My comments to the article:
1. The first point called: Introduction is missing from the article.
2. Keyword: "Human and AI collaboration for medical diagnosis" should be divided into several smaller ones.
3. I propose to extend the Introduction by referring to the literature from 2020:
Using Neural Networks for Classification of the Changes in the EEG Signal Based on Facial Expressions, Analysis and Classification of EEG Signals for Brain – Computer Interfaces pp 41-69, 2020 as an introduction to machine learning. This will expand the background of deep learning in the field of biomedical signal analysis. In addition, in the field of IoT, I propose to quote the article: Using BCI in IoT Implementation, Analysis and Classification of EEG Signals for Brain – Computer Interfaces pp 111-128 from 2020, which will update the bibliographies.
4. Figure 5 should be rebuilt so that the graph does not connect to the flowchart.
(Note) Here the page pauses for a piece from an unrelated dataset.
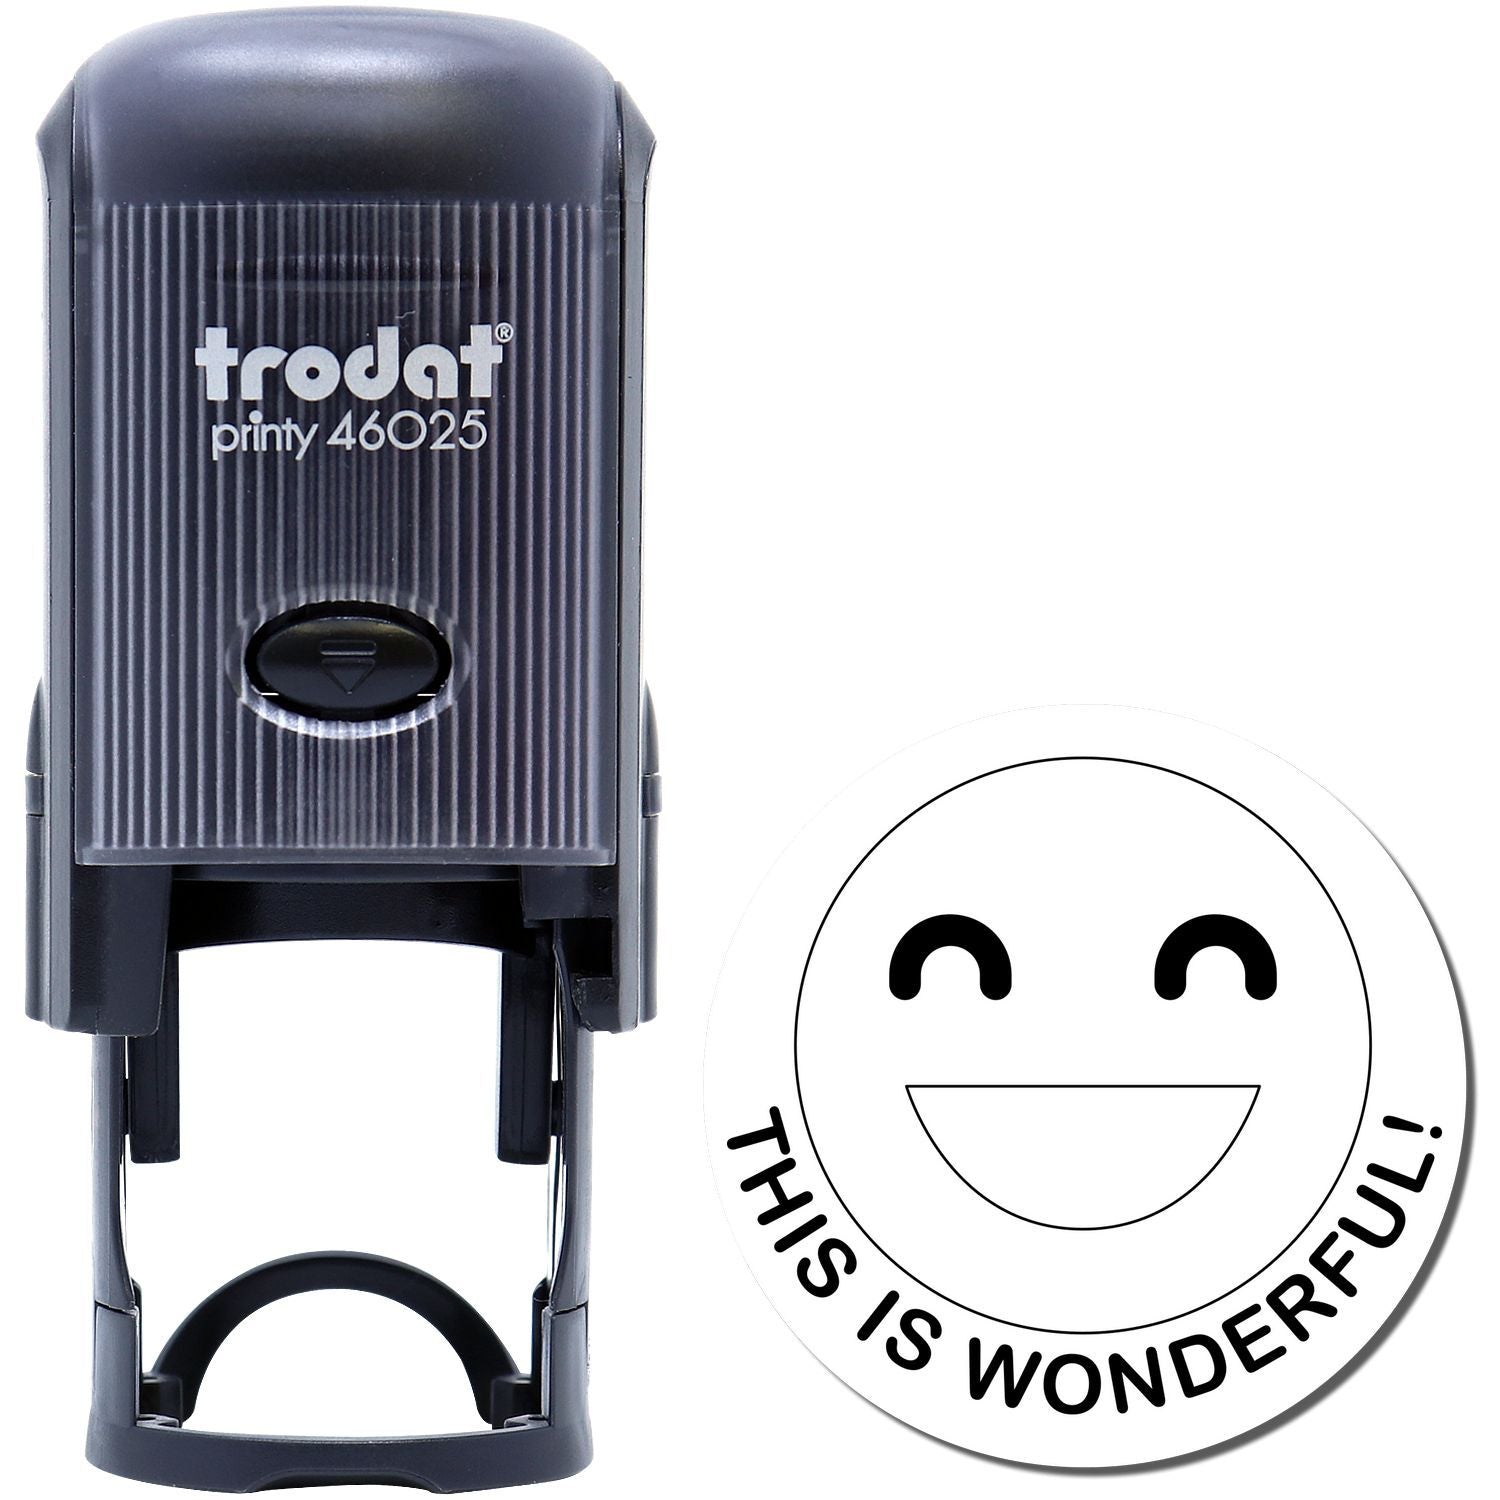 A Round This is Wonderful Smiley Self-Inking Stamp with a stamped image showing how the text "THIS IS WONDERFUL!" with a smiley will display after stamping.

I propose to use Flowchart instead of Flow diagram.
5. The article also requires additional reformatting in terms of tables, so that they fit into the format.
6. Future plans for research as described in the Conclusion section should be expanded.
7. The description in the article shows that: "Submitted to Int. J. Environ. Res. Public Health". However, the article is not reviewed by this MDPI journal.
The authors focused largely on the implementation of development work. The research aspect was developed to a lesser extent.
Author Response
Please see the attachment.
Author Response File: Author Response.docx
Round 2
Reviewer 4 Report
Dear Researchers,
The diagram presented in Fig. 2 is not a flowchart, but it is considered legible.
The article still needs to be refined in terms of the final formatting for release.
I accept the explanation that the article was submitted to the special issue "Human and AI Collaborative Decision Making in Healthcare" at the journal International Journal of Environmental Research and Public Health (Int. J. Environ. Res. Public Health).
I recommends the article for publication, after verification of the formatting style, including tables.